APELAÇÃO / REMESSA NECESSÁRIA (1728) Nº 5001051-90.2019.4.03.6105
RELATOR: Gab. 11 - DES. FED. ANDRÉ NABARRETE
APELANTE: UNIAO FEDERAL - FAZENDA NACIONAL
APELADO: SYNGENTA PROTECAO DE CULTIVOS LTDA
Advogado do(a) APELADO: MARIA HELENA TAVARES DE PINHO TINOCO SOARES - SP112499-A
OUTROS PARTICIPANTES:
APELAÇÃO / REMESSA NECESSÁRIA (1728) Nº 5001051-90.2019.4.03.6105 RELATOR: Gab. 11 - DES. FED. ANDRÉ NABARRETE APELANTE: UNIAO FEDERAL - FAZENDA NACIONAL APELADO: SYNGENTA PROTECAO DE CULTIVOS LTDA Advogado do(a) APELADO: MARIA HELENA TAVARES DE PINHO TINOCO SOARES - SP112499-A OUTROS PARTICIPANTES: [ialima] R E L A T Ó R I O Remessa oficial e apelação interposta pela União contra decisão que, em sede de mandado de segurança, concedeu a ordem para: a) determinar a não inclusão das despesas de frete e seguro na base de cálculo do imposto de importação; b) reconhecer o direito à restituição administrativa ou compensação dos valores indevidamente recolhidos com os tributos administrados pela Secretaria da Receita Federal do Brasil, desde o quinquênio que antecedeu o ajuizamento da ação (Id 155915347 e 155915360).

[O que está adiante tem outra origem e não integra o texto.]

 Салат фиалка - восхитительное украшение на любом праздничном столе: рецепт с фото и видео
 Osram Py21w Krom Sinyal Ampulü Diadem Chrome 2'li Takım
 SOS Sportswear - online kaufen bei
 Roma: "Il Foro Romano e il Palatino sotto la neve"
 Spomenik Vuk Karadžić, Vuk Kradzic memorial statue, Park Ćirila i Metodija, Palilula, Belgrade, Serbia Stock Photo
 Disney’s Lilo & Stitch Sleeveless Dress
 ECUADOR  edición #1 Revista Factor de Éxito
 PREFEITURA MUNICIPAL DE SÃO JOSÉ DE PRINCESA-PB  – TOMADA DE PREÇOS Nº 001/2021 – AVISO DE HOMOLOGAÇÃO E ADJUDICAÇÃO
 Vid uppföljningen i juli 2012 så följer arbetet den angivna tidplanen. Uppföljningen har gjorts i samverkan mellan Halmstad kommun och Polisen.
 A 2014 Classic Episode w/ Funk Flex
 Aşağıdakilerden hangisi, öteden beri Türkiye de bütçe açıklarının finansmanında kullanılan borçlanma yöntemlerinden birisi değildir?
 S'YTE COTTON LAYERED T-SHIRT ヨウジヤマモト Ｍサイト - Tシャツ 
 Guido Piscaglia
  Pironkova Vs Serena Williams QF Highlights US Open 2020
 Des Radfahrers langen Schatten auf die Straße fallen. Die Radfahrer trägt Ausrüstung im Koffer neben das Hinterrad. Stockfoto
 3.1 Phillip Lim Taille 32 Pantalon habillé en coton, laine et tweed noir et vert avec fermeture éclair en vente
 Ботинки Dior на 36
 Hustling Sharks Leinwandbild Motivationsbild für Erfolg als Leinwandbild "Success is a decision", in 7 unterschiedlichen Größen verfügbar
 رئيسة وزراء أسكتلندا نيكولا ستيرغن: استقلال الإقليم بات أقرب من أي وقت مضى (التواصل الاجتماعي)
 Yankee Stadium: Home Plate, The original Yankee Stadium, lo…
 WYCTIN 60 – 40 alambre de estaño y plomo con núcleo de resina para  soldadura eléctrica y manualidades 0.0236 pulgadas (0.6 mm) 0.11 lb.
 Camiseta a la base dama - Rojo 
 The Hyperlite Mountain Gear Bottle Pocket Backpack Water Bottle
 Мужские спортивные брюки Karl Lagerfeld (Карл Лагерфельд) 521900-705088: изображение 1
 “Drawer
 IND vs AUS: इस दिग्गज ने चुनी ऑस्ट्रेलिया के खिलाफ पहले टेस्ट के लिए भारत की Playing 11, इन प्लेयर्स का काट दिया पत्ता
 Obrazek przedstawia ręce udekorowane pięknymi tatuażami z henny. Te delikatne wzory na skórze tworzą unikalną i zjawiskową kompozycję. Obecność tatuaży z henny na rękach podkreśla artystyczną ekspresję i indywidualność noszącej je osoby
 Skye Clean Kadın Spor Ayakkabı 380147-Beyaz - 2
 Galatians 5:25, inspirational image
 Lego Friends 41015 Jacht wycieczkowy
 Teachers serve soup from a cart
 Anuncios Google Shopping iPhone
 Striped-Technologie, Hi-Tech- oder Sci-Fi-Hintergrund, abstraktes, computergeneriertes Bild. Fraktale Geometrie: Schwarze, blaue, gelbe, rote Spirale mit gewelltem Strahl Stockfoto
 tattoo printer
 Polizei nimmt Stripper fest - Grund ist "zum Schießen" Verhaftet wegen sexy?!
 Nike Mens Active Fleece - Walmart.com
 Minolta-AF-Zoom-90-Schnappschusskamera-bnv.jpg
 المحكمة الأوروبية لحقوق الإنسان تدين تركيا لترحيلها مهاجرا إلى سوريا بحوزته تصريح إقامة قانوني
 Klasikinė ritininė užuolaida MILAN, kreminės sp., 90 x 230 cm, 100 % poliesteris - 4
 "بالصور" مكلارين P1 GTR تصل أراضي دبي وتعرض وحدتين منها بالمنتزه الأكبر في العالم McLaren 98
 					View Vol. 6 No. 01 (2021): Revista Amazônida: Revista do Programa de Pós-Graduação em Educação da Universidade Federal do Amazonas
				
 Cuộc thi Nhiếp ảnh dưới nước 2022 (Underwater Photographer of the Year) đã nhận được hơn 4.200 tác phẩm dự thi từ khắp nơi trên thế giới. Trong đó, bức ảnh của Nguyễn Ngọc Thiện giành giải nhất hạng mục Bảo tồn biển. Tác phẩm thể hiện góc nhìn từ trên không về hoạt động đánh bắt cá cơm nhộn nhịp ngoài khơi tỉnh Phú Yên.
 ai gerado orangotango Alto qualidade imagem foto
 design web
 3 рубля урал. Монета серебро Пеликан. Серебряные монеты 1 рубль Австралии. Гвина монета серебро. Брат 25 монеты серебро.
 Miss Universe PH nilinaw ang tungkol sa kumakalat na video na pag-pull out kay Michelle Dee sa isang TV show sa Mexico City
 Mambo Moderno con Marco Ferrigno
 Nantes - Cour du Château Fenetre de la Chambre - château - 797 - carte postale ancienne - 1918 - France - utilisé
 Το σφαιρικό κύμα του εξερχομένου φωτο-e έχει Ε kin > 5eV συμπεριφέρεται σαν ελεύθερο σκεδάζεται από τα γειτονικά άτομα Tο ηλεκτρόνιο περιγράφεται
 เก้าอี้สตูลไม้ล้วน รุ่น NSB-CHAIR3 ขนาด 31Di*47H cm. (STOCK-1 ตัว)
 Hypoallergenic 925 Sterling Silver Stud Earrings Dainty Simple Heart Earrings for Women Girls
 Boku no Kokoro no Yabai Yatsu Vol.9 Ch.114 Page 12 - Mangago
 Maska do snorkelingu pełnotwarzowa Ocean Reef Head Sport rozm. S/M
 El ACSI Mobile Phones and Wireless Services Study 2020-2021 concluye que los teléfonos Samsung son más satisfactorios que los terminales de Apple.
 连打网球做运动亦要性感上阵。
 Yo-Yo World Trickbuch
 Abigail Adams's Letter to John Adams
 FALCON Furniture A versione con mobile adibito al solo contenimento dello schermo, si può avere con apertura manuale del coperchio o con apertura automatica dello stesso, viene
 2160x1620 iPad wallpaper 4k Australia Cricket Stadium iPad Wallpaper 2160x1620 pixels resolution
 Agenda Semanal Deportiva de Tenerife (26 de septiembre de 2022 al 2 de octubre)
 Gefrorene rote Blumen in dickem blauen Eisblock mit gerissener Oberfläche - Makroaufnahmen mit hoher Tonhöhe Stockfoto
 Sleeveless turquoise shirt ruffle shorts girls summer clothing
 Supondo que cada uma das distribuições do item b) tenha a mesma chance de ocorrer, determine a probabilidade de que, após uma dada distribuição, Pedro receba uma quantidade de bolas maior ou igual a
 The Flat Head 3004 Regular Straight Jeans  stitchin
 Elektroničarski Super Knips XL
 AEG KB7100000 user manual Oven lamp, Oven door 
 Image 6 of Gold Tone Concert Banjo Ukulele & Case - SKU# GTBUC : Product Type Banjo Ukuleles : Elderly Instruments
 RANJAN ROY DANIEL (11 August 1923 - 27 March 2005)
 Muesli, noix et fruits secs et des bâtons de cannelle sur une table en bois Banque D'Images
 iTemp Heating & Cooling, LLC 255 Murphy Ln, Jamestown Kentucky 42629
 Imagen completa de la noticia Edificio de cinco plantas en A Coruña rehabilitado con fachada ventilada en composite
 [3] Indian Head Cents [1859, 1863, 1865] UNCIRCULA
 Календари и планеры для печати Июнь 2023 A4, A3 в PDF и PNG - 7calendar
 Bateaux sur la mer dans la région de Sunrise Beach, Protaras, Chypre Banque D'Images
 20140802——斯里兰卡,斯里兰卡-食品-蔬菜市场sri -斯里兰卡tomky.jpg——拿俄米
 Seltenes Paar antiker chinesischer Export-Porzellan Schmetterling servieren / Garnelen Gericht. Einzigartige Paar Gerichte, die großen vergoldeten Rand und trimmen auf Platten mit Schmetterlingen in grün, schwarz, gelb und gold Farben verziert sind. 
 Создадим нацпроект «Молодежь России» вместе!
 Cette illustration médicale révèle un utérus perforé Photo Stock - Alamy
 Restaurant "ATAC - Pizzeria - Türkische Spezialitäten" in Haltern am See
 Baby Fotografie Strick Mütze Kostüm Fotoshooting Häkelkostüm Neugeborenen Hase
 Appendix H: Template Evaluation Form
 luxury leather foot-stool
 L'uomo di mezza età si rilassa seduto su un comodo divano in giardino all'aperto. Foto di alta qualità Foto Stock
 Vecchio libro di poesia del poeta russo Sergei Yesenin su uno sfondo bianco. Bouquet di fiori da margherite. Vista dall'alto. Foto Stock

Opostos embargos de declaração (Id 155915364), foram rejeitados (Id 155915365). Aduz (Id 155915376) que: a) o decisum está fundamentado na ilegalidade do §3º do artigo 4º da Instrução Normativa SRF n.º 327/2003, que, no entanto, não trata de seguro e frete internacionais, mas da inclusão das despesas de capatazia no cálculo do valor aduaneiro; b) a inclusão das despesas de seguro e frete internacional no cálculo do valor aduaneiro está prevista no artigo 77 do Decreto n.º 6.759/09 (Regulamento Aduaneiro), em consonância com o Acordo sobre Implementação do Artigo VII do Acordo Geral sobre Tarifas e Comércio 1994 (AVA-GATT), aprovado pelo Decreto Legislativo nº 30/1994 e promulgado pelo Decreto nº 1.355/1994. Em contrarrazões (Id 155915383), a apelada requer o desprovimento do recurso. O parecer ministerial é no sentido de que seja dado prosseguimento ao feito (Id 156639277). É o relatório.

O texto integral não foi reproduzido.